Stored data:
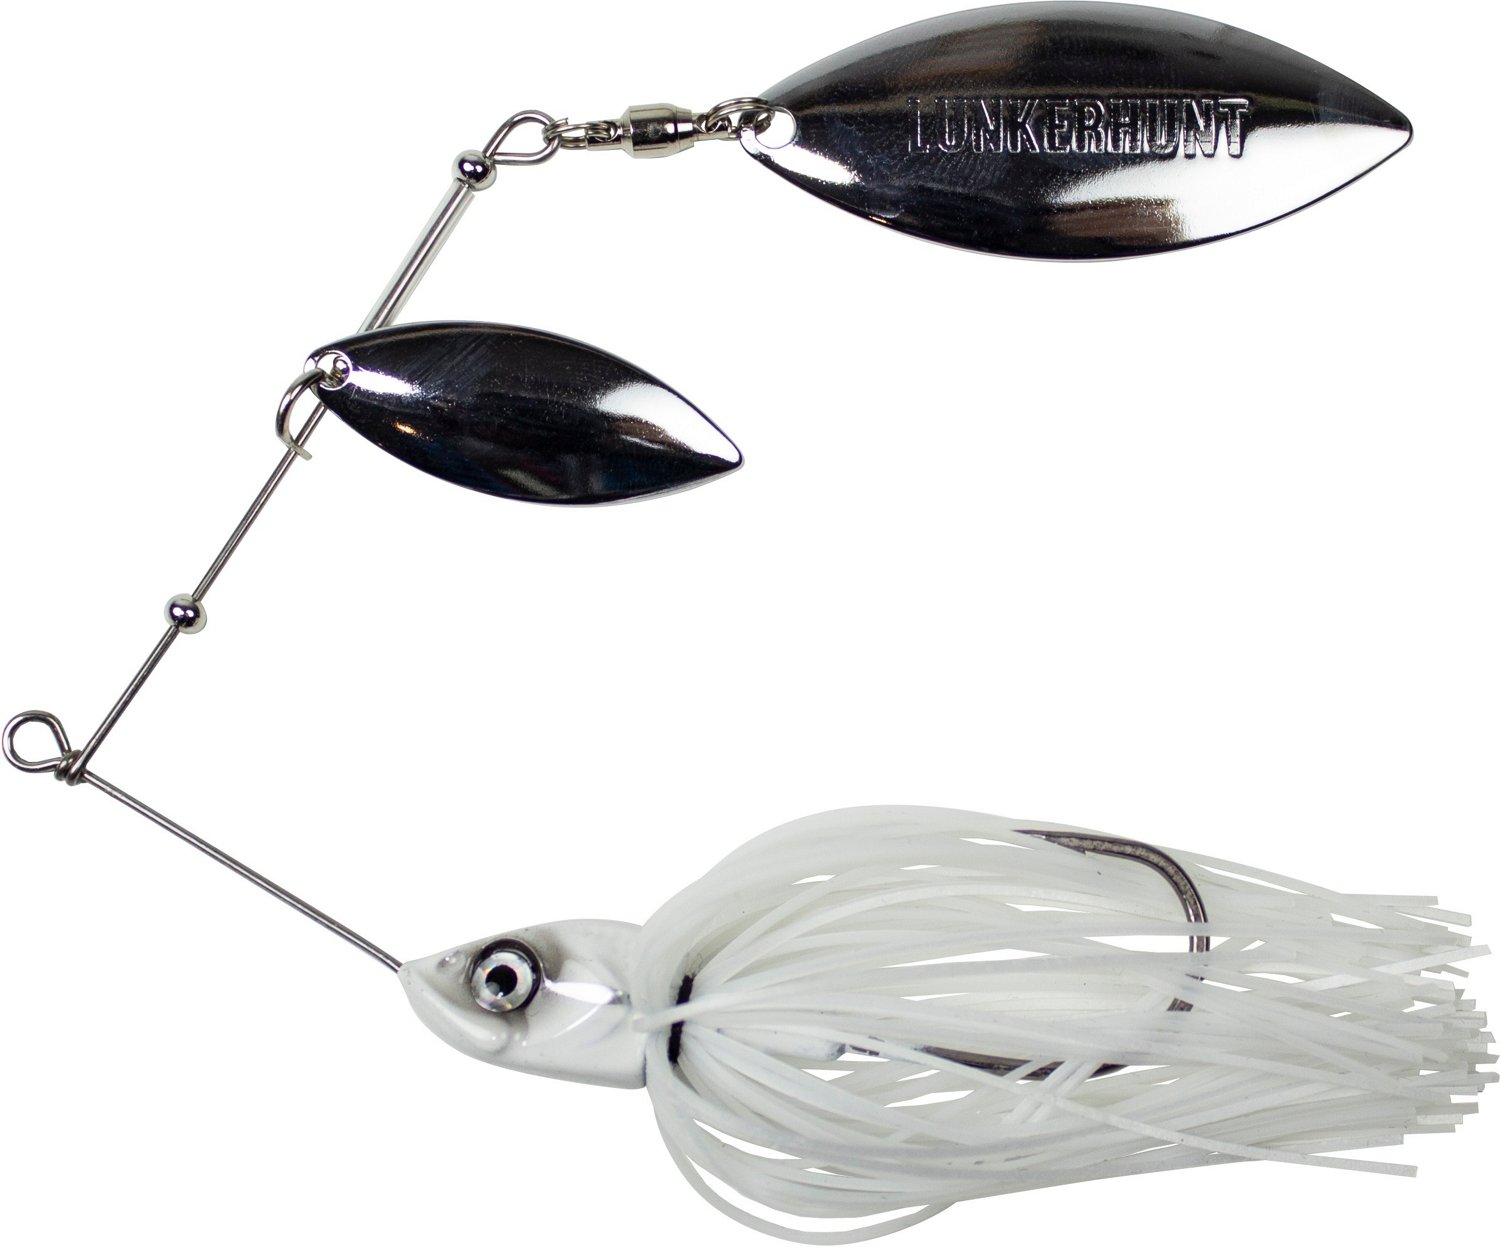 Academy Sports + Outdoors Lunkerhunt Impact Ignite Willow Leaf Spinnerbait
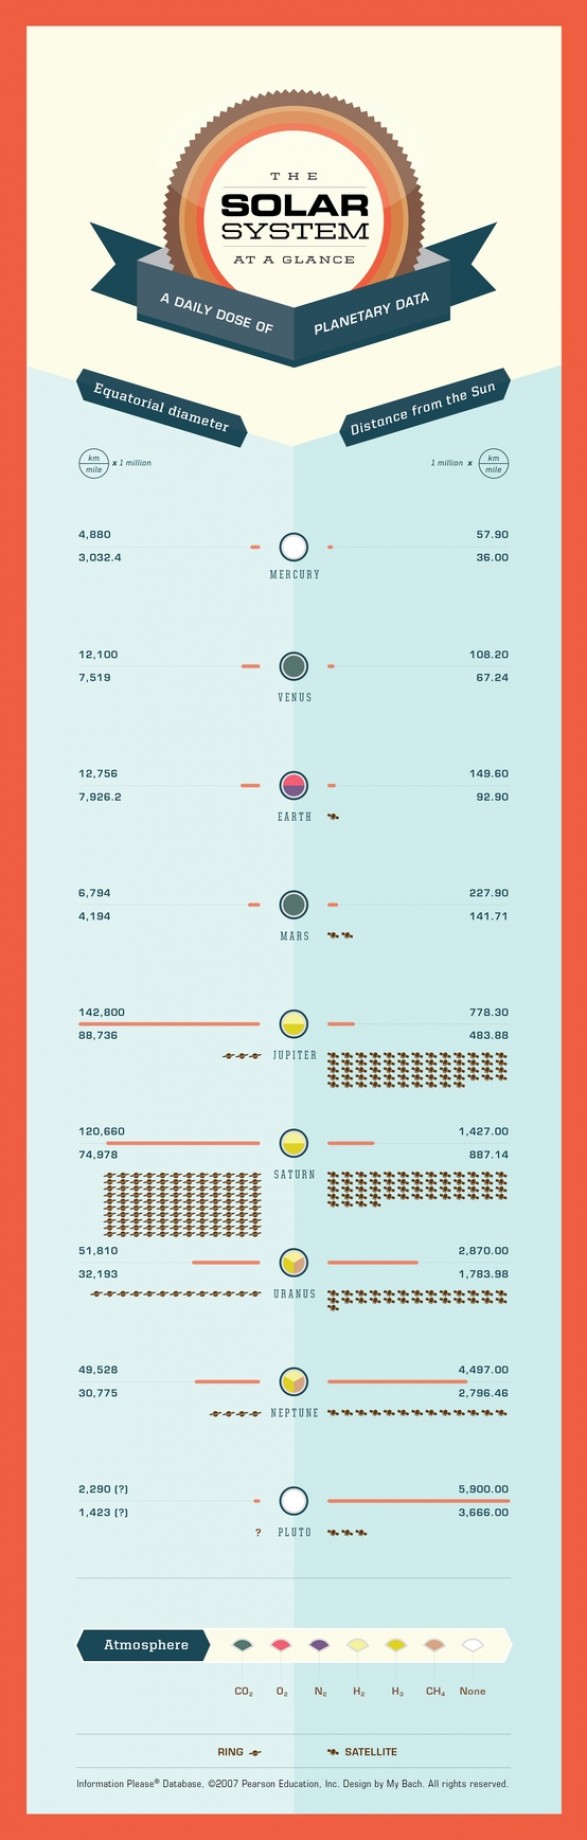 The Solar System at a glance
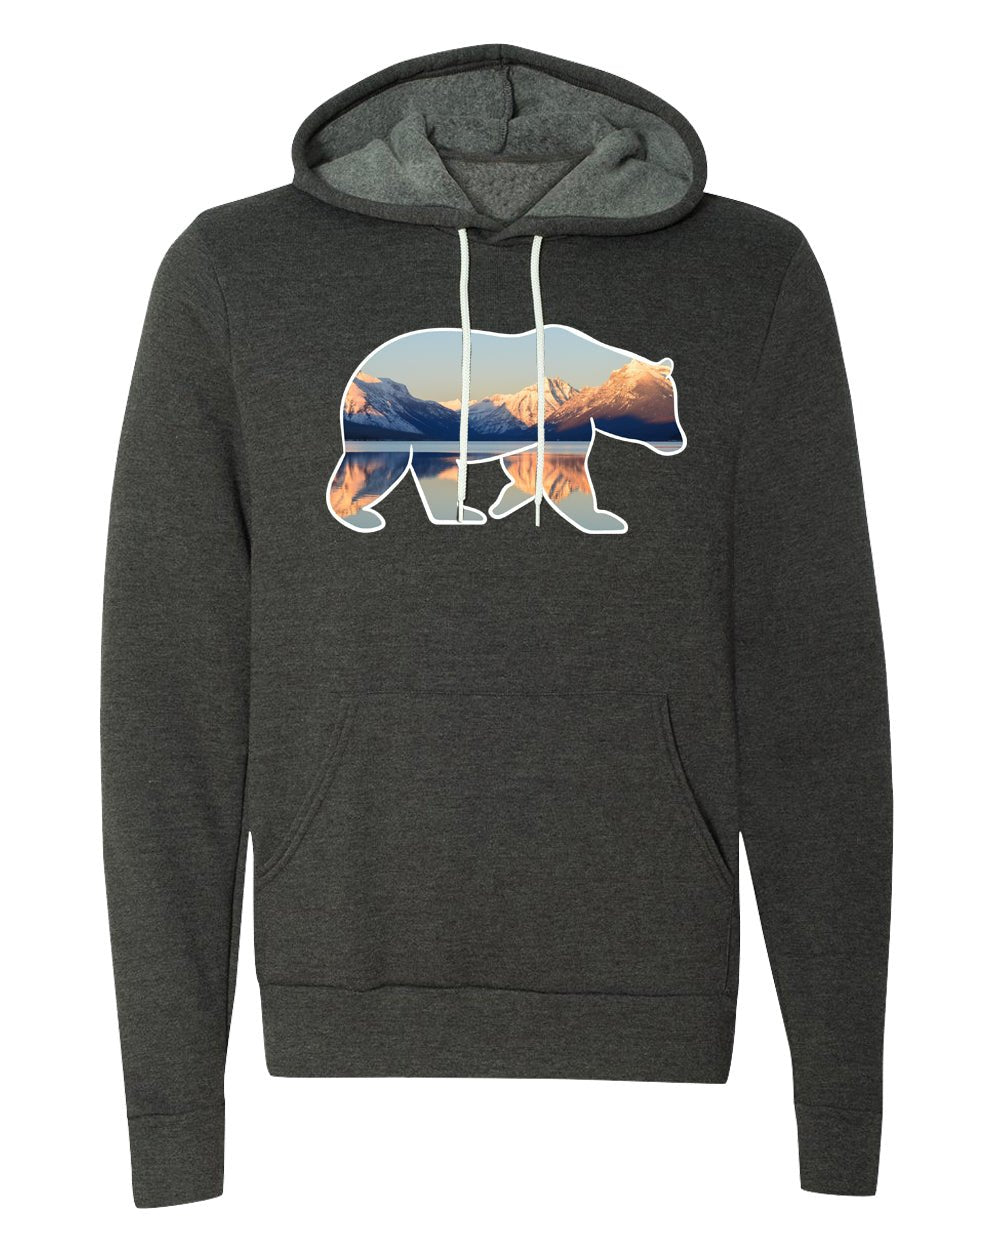 Sweater - Bear Hoodie With Mountains  Outdoor Hoodie Hiking Sweaters
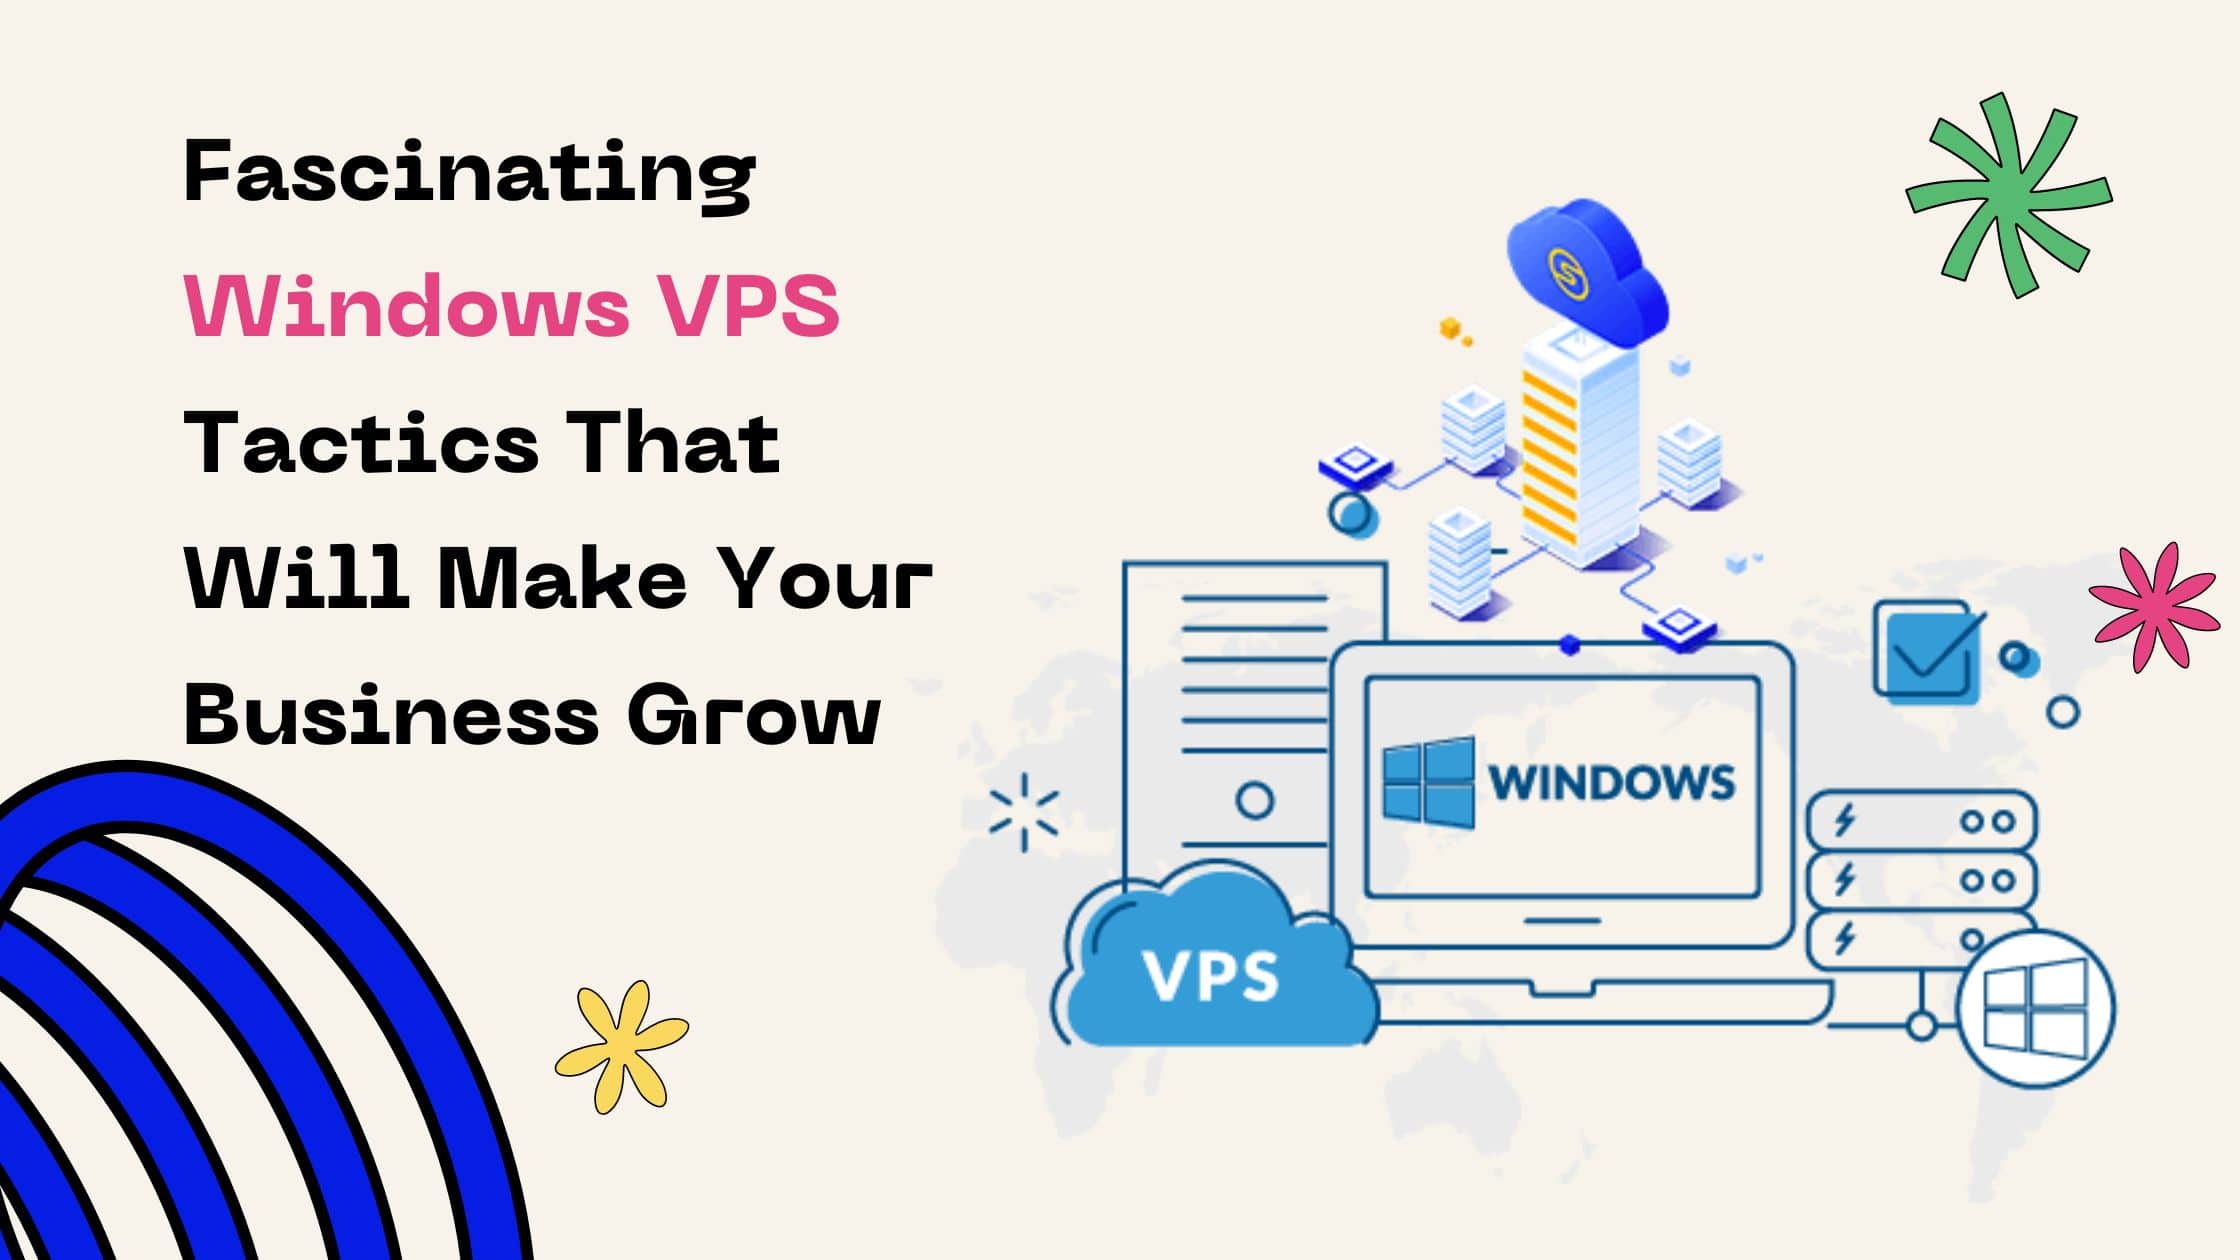 Fascinating Windows VPS tactics that will make your business grow

Directions: What is needed is an exact copy of all the data, with no images in it.

Answer section:
 Academy Sports + Outdoors Lunkerhunt Impact Ignite Willow Leaf Spinnerbait
 The Solar System at a glance
 Sweater - Bear Hoodie With Mountains  Outdoor Hoodie Hiking Sweaters
 Fascinating Windows VPS tactics that will make your business grow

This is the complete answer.